Sunday, April 23, 2006

Where's The Shortage?

As I mentioned yesterday, the reason the oil companies claim that they were forced to raise prices is because there is a temporary shortage, and they need to raise the price to reduce demand. But does that really work? Has anyone really cut back on driving as a result of those suddenly higher gas prices?

I know my driving patterns haven’t changed. I haven’t heard any of my co-workers or friends talk about changes in their habits. The roads still seem just as crowded where I live, and the daily traffic jams are unchanged. The airlines are still flying. Trucks are still delivering goods all over the country. My observations are certainly not scientific, but it really appears to me that there’s been no real change in demand. In the long term, that might change, as people could switch to smaller cars, hybrids, and and so on…but the price changes aren’t long term, they’re an immediate response to a temporary shortage, and only make sense if they produce an immediate effect.

So if demand hasn’t changed, but there’s a shortage, we should be seeing signs of that shortage. Where are those signs? I haven’t seen a single station shut down.
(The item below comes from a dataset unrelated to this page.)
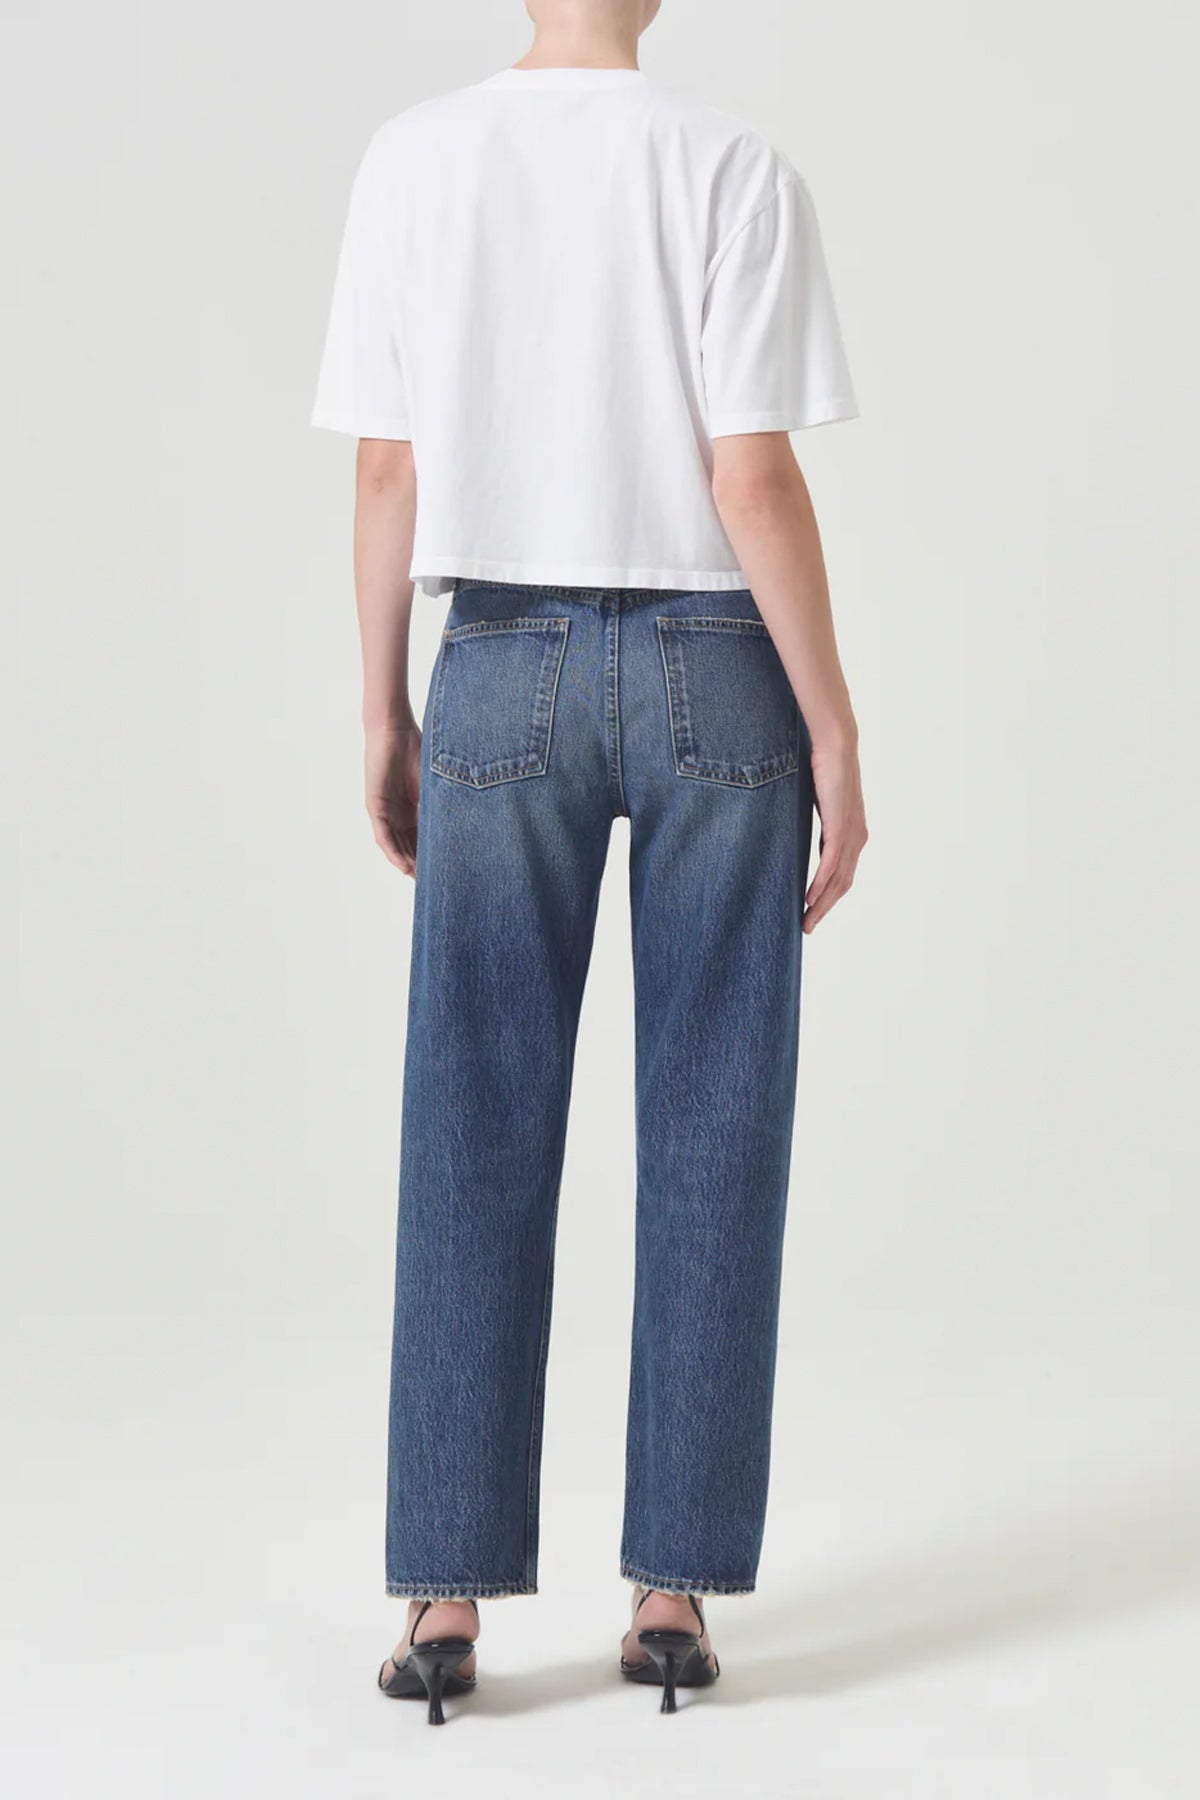 90's Mid Rise Straight Jean in Imagine - shop-olivia.com

I’ve heard about a few, but they seem to be scattered individual stations – I haven’t heard about any cities shut down because no one can get gas. As best as I can determine, the solution to the shortage in those few places that are experiencing it is to drive an extra block or two to the next gas station – or at worst, buy mid-grade because the station is out of regular…which of course increases your costs and the oil company’s profits.

So, once again, tell me where I’m going wrong. The prices have been raised as a solution that doesn’t work to a problem we don’t have, caused by the people who profit most from the price increase. And they wonder why people are upset and asking Congress to intervene. Unfortunately, Congress is much more likely to make a lot of noise about the issue than to actually put a crimp in the profits of their biggest financial contributors.